Vegeta sa che nessuno in casa ha
badato davvero al letto in
cui coricarsi, nelle ultime due settimane. Nessuno, a parte lei, se
l’è sentita
di dormire da solo. Lei ha preferito concedersi poche ore di sonno
tormentato
di giorno, nascosta in qualche angolo buio della casa, al riparo da
occhi
indiscreti. Di notte invece ha passato il tempo a girovagare senza meta
per la
Capsule Corporation, stando ben attenta a non incontrare nessuno. Nelle
sue
peregrinazioni si è imbattuta in suo padre e lo zio Goten
appisolati sul
divano; ha sentito i gemelli singhiozzare in camera della nonna e ha
persino
trovato Bulma addormentata contro la porta della sua camera,
rigorosamente
chiusa a chiave. In fondo le dispiace di aver respinto ogni tentativo
di
approccio da parte degli altri, ma stare da sola si era rivelato
necessario e
vitale quanto respirare.
Ora, però, la presenza di
sua sorella accanto a sé non la
infastidisce, né la fa sentire più triste di
quanto non fosse prima del suo
arrivo.
Bulma è stata la sua
migliore amica e la sua peggior nemica
fin da quando è nata. Può rivedere con chiarezza
assoluta la bambina paffuta
che pendeva dalle sue labbra e la seguiva ovunque adorante;
così come altrettanto
facilmente ricorda i suoi occhi azzurri riempirsi di odio e la sua
bocca
carnosa sputare veleno in risposta a qualche provocazione. Eppure deve
ammettere
(e sicuramente anche Bulma lo sa) che non ha mai avuto un rapporto
tanto stretto
quanto quello. La differenza d’età irrisoria tra
di loro ha fatto in modo che
Bulma abbia sempre fatto parte della sua vita. La confidenza, la
rivalità, la
gelosia e l’interdipendenza che sentono sono nate con loro e
con loro sono cresciute,
portandole a quel momento… a quel letto sul quale restano
sdraiate a fissare il
soffitto.
“Ieri pomeriggio ho dormito
nel suo guardaroba…”, dice
Vegeta d’un tratto.
Bulma sussulta inorridita.
Sicuramente sta pensando che lei
non avrebbe mai il coraggio di farlo, che solo una sadica come Vegeta
può avere
avuto un’idea del genere.
“C’era il suo
profumo dappertutto e continuavo a pensare a
quando si preparava la mattina per andare in ufficio… Sempre
in ritardo, sempre
tesa come una corda di violino.
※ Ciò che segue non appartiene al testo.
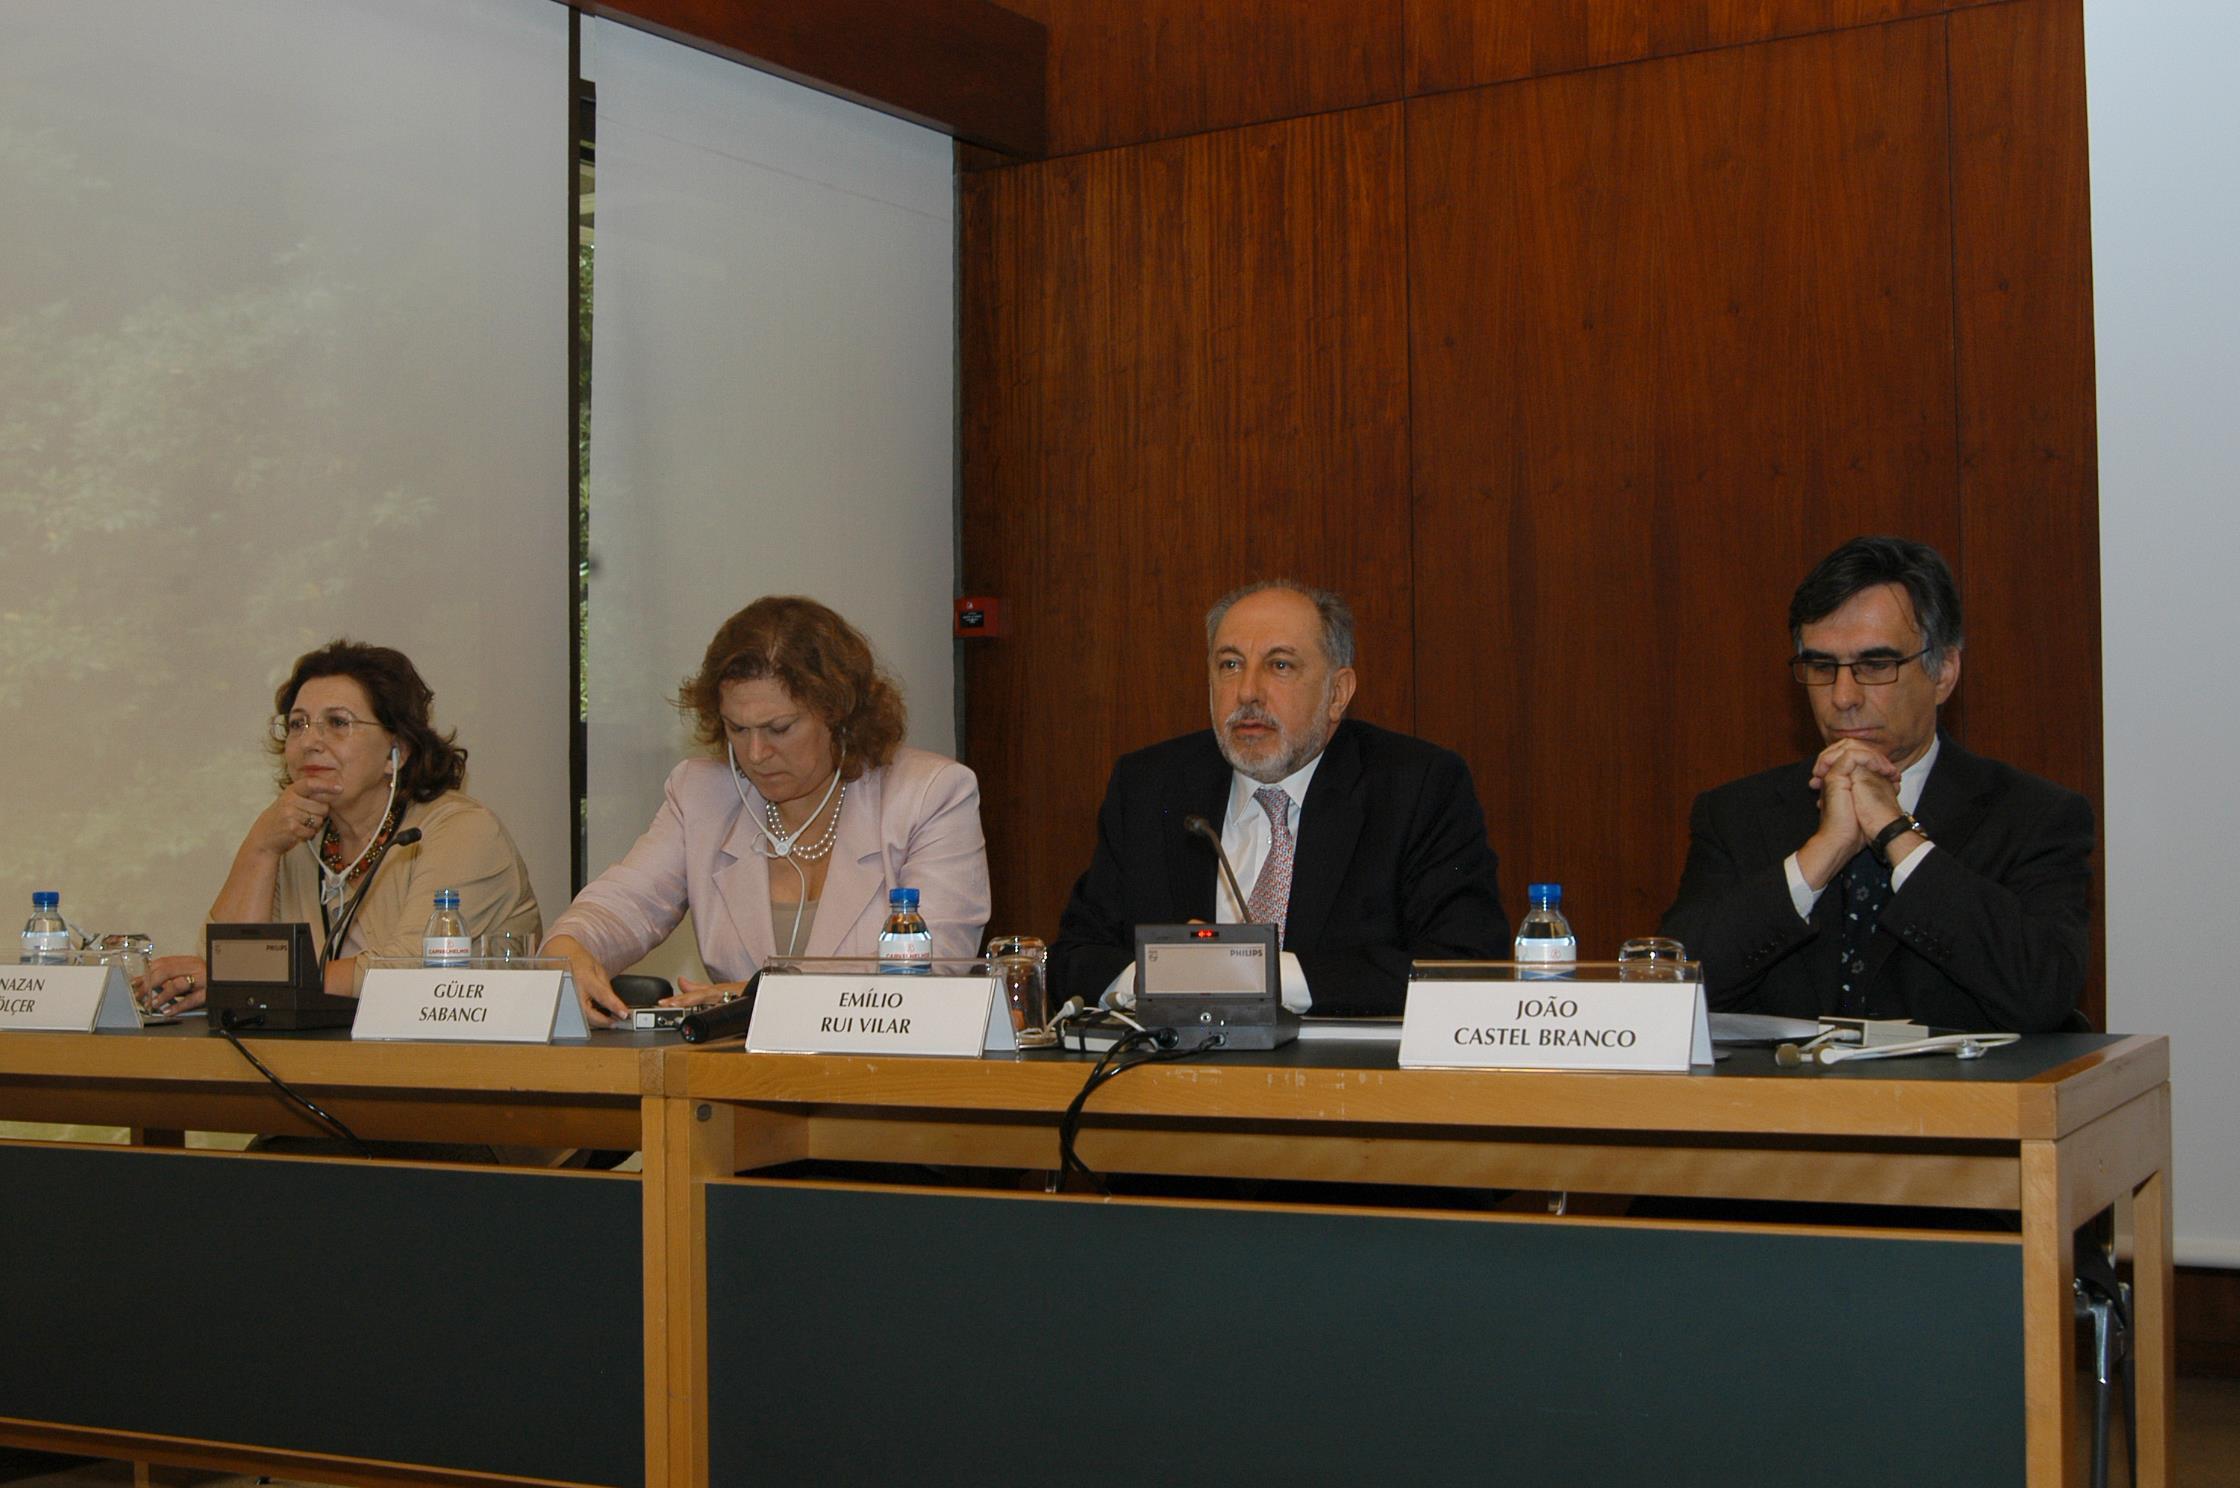 Conferência de imprensa. Nazan Ölçer, Güler Sabanci, Emílio Rui Vilar e João Castel-Branco Pereira

Anche adesso la rivedo seduta sul letto
a
infilarsi i collant, mentre cerca di sistemarsi i capelli e di parlare
al
telefono contemporaneamente.”
Bulma sorride appena.
“Non è strano
pensare a delle cose così banali?”, continua
la giovane, sorridendo a sua volta.
Bulma si rigira su un fianco,
portando le ginocchia vicino
al corpo, raggomitolandosi come uno dei gatti di casa.
“Mi aveva fatto una
promessa…”, dice in un soffio la più
giovane.
Vegeta le rivolge uno sguardo
d’incoraggiamento. Sa che
nell’esporsi sua sorella è molto più
simile di lei all’uomo cui ha rubato il
nome.
“Mi aveva giurato che
quando mi fossi diplomata, avrebbe
preso una settimana vacanza e ce ne saremmo andate, io e lei. Da
sole.”, dice
cercando di non far tremare la voce.
Vegeta chiude gli occhi. Si sente la
testa troppo pesante e
le ossa praticamente distrutte, nonostante quel giorno non si sia
nemmeno
avvicinata alla Gravity Room.
“Quando…”,
continua, tentennando solo un momento di fronte
alla scelta delle parole, “l’ho salutata, mi ha
detto che le dispiaceva di non
poter mantenere la parola… e che sarei dovuta andare a fare
il nostro viaggio
con un bel ragazzo.”
Vegeta scoppia a ridere, tra le
lacrime che si sono
improvvisamente affacciate sulle sue palpebre.
“Che razza di persona
morente direbbe una cosa del genere?”,
si ritrova a sorridere Bulma, con il volto altrettanto bagnato.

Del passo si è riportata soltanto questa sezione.